1 medium onion, sliced thin latitudinally
3 to 6 cloves of garlic, minced
1 Tablespoon tomato paste
1 can dry cider
Chicken broth as needed
1 sprig of rosemary and thyme plus a bay leaf
1 teaspoon Worcestershire
Salt and pepper
1 teaspoon preferred spice*
1 handful of sliced mushrooms (optional)
high temp oil for searing
* The spice is wildly variable and a matter of your preference. Some possibilities include paprika (sweet, hot, or smoked), Chinese five spice, curry, Greek seasoning (adjust you salting of the beef to make up for the salt in this season), and others. You can omit the spice as well and go au natural. In this dish I chose to use seven spice, a blend commonly used in the Eastern Mediterranean.
Preheat the oven to 225 degrees.
Generously salt and pepper all sides of the short ribs.
Pour a Tablespoon or two of the high temp oil in your cooking vessel and place it on a burner set to high. When the oil shimmers, place the rib, fat side down, in the pan. Let the ribs sit, undisturbed, until the side is dark brown. Use tongs to roll the rib to the next side and repeat until all sides of the rib are brown. Note: Do not crowd them. If necessary, sear the meat in batches.
Remove the ribs from the pan and lower the heat to medium low. Add the sliced onions without wiping the pan down. Saute the onions until they soften and turn translucent. Add the tomato paste, garlic and, if using them, the mushrooms. Continue to saute until the paste turns brick color and the garlic is fragrant.
Add the spice and stir to blend it in.
Settle the ribs, bone side down, in the pan. Add the can of cider and enough chicken broth to bring the fluid 1/3 to 1/2 up the side of the ribs. Add the rosemary, thyme, and bay leaf.
Cover the vessel, place it on a low medium rack in the oven, and cook until the meat falls off the bone. This usually requires 4 to 6 hours.
Remove the meat and bones from the liquid and wrap in foil. Put the foil packet back in the oven.
Remove the solids with a sieve and degrease the liquid with a fat separator. Taste and adjust the spice and salt. Pour the degreased liquid back into the cooking vessel and bring to a boil and then reduce the heat to a simmer. Reduce the liquid by half. Place the ribs, minus the bones and gristle back in the liquid and continue to reduce the liquid and it becomes syrup.
Note: A splash of Kitchen Bouquet will darken the gravy to a pleasant color.
Serve over polenta, noodles, mashed potatoes, rice, or spaghetti squash.
Those who love slow cookers: please note you can put the sauted onions in a slow cooker set on low and then add the remaining ingredients. The timing will be similar to the oven braise.

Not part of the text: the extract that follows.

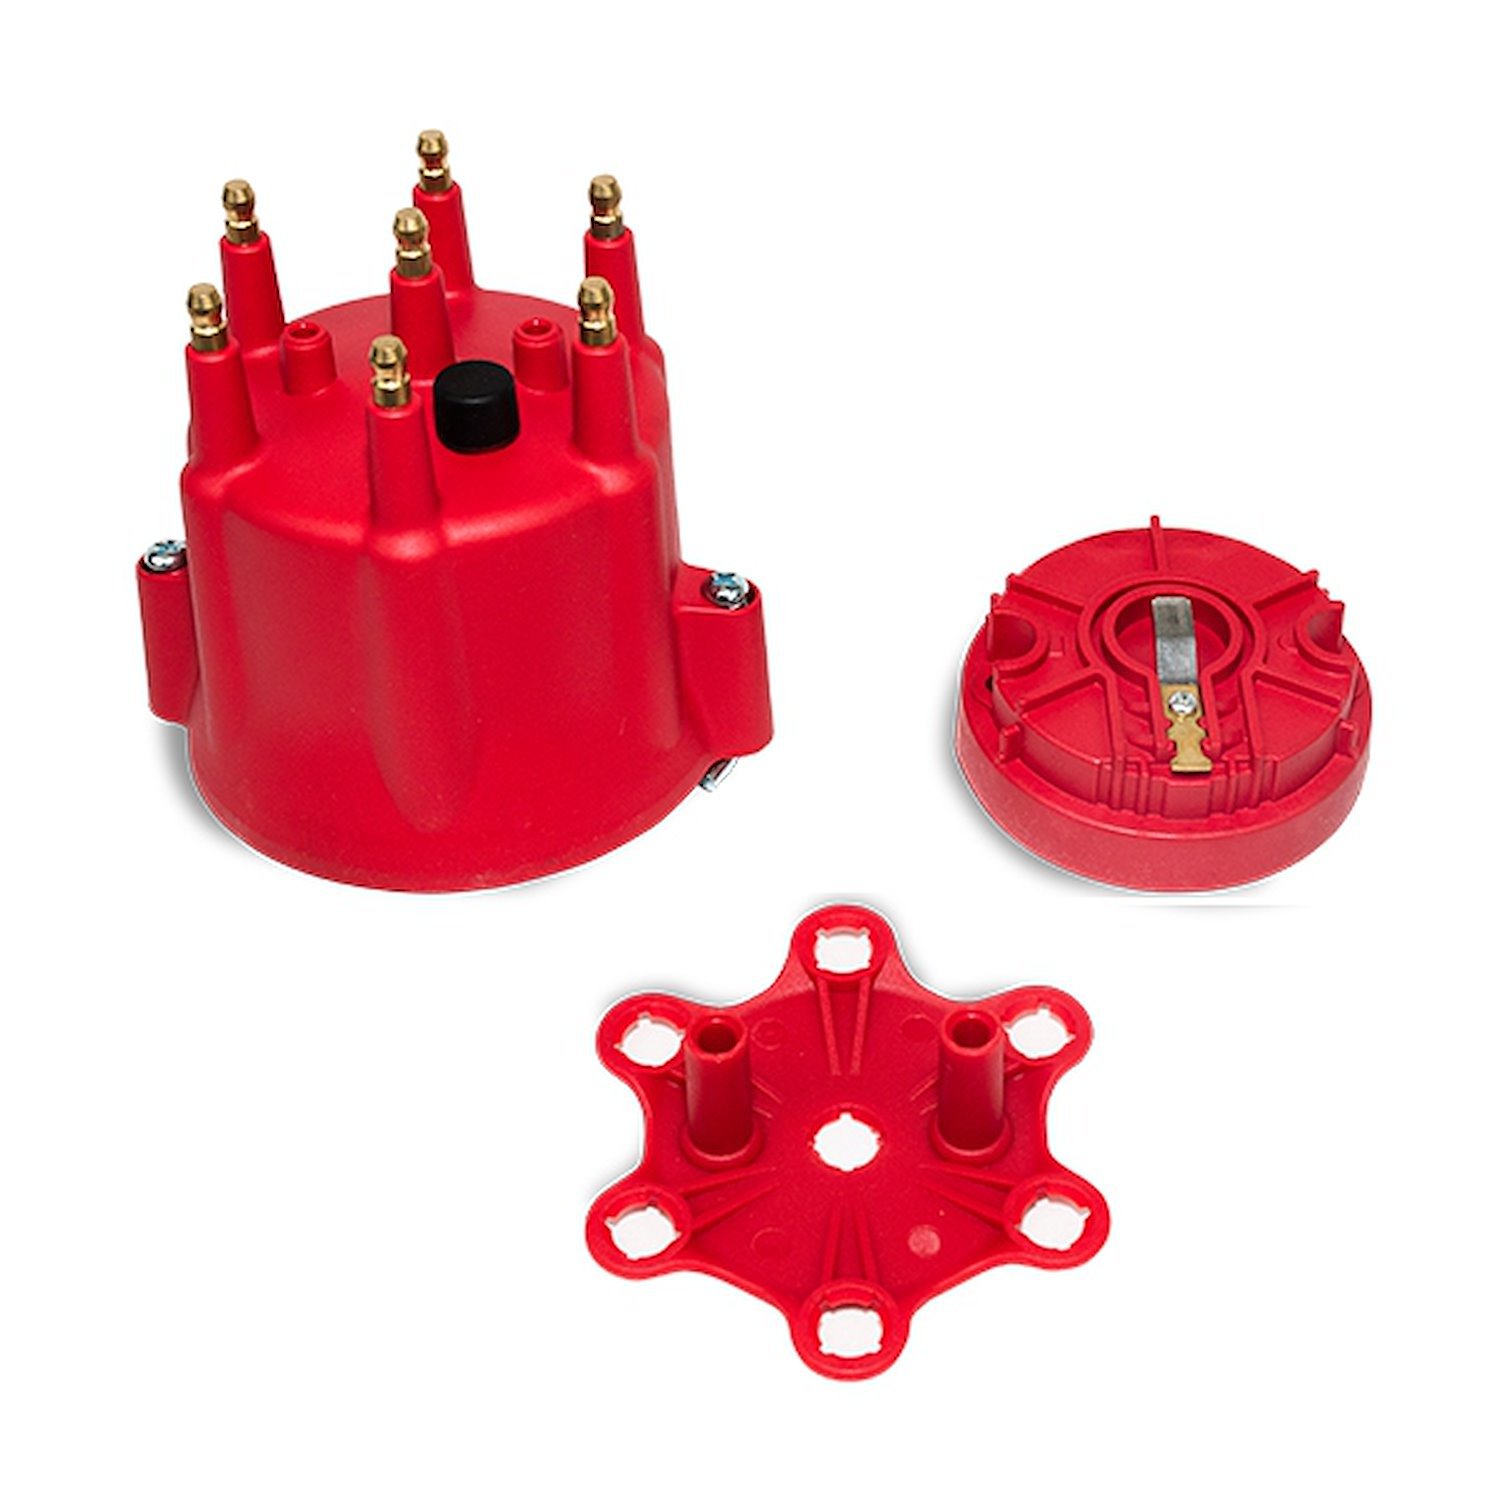 JM6975R Pro Series Distributor Cap and Rotor Kit, 6 Cylinder Male, Red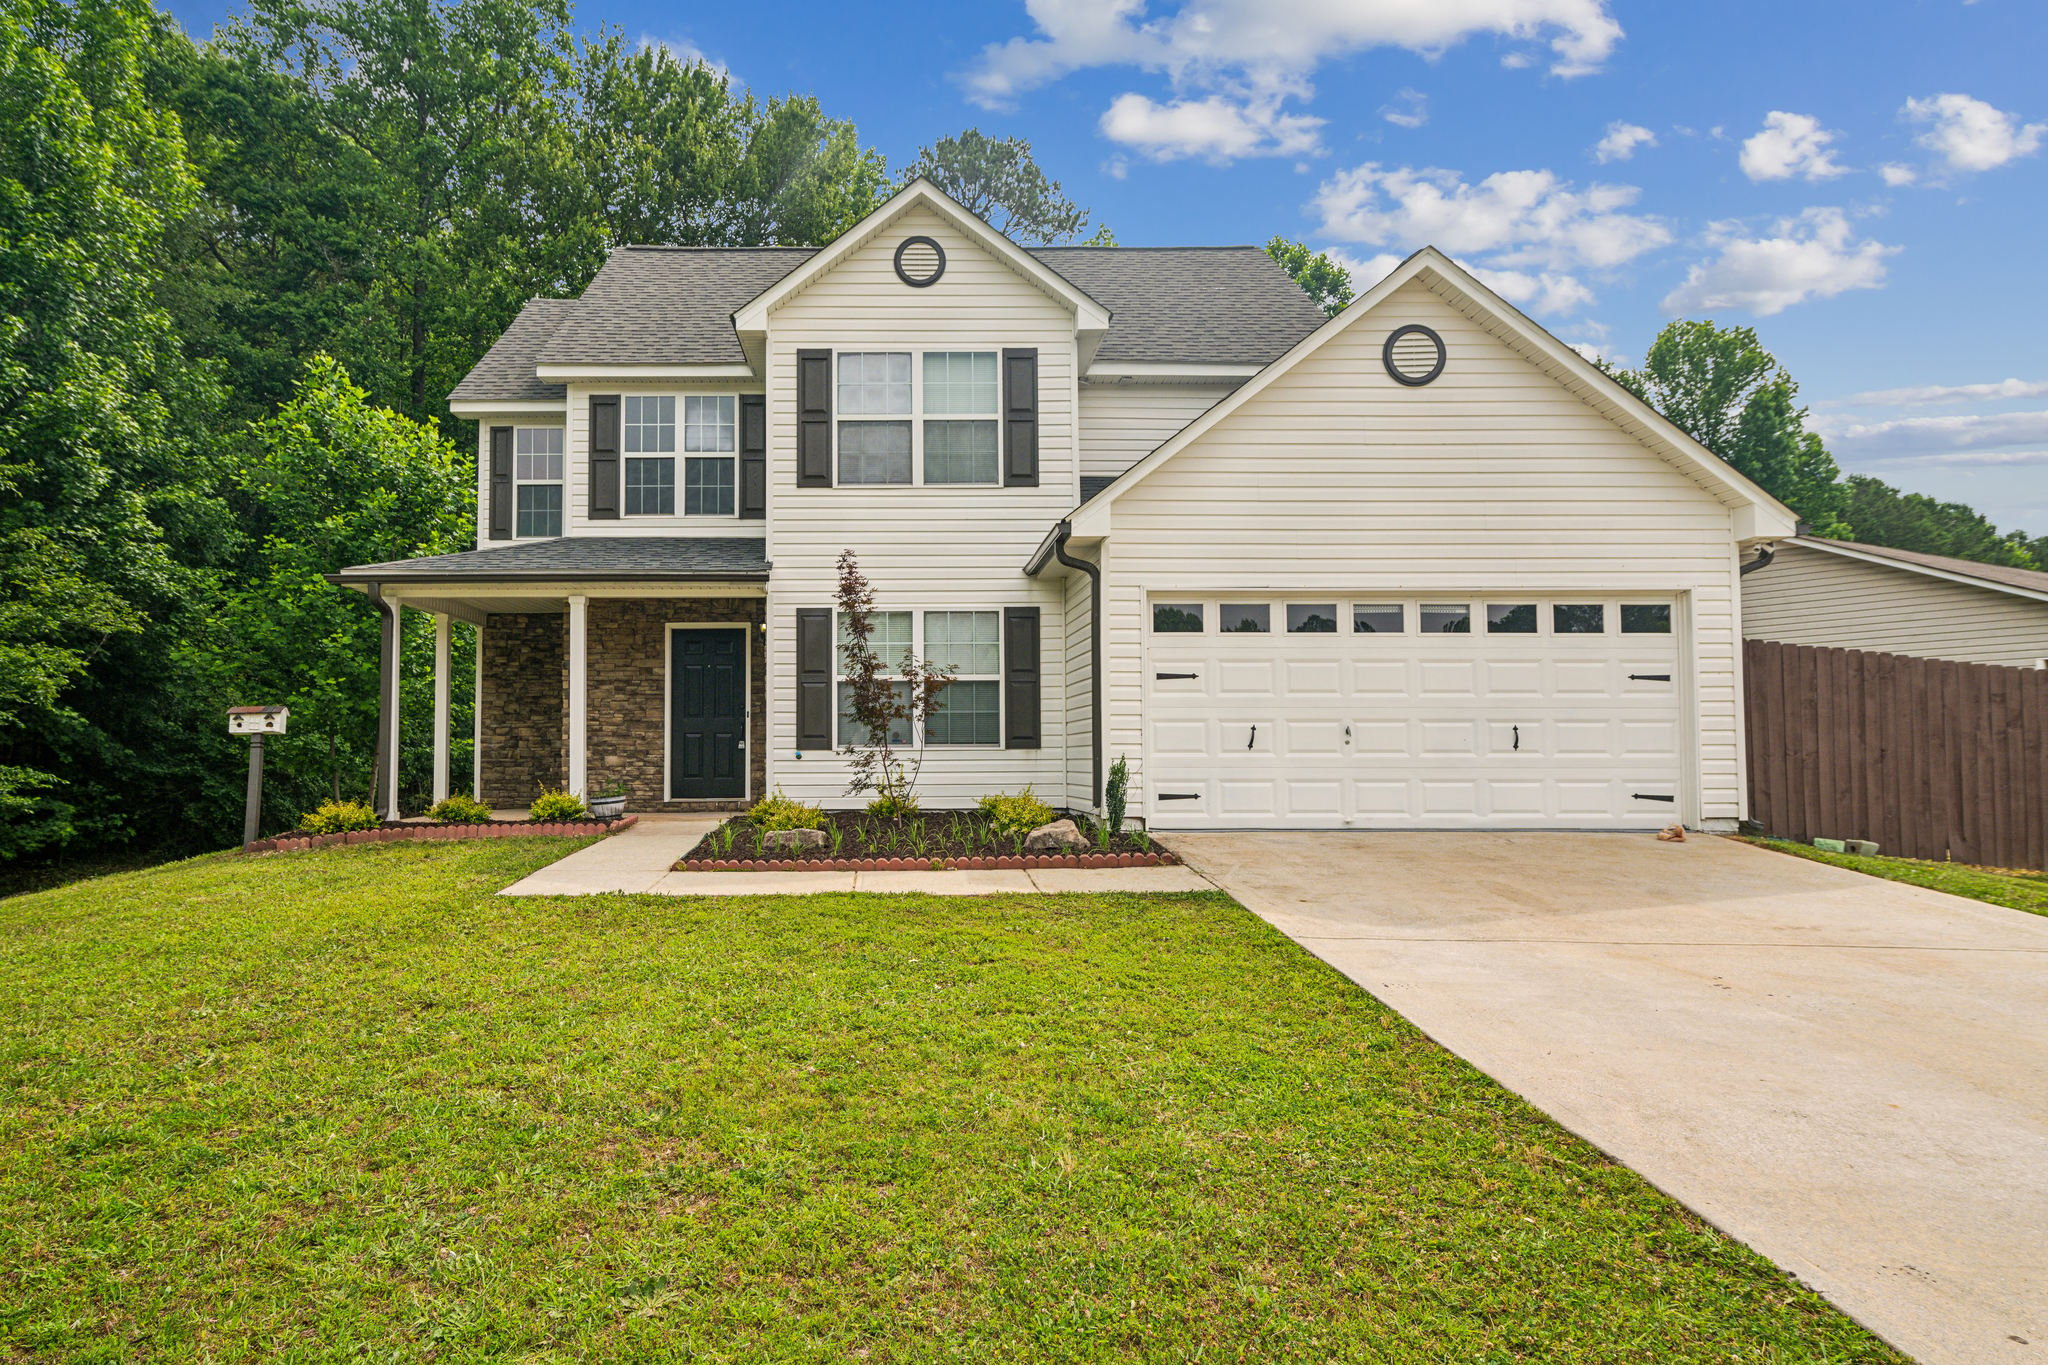 Residential real estate photo of home in Covington, GA

To those who are impatient: set the oven temp to 325 and cut the time by an approximate third. The difference will be small.
Tip: Refrigerate the separated cooked meat and the broth overnight. The fat cap should come off easily.
Reheat the meat in the degreased broth and, like stew, it will improve.
Another note: Nancy and I added four minced dried dates to go with the spice I chose. Fantabulous!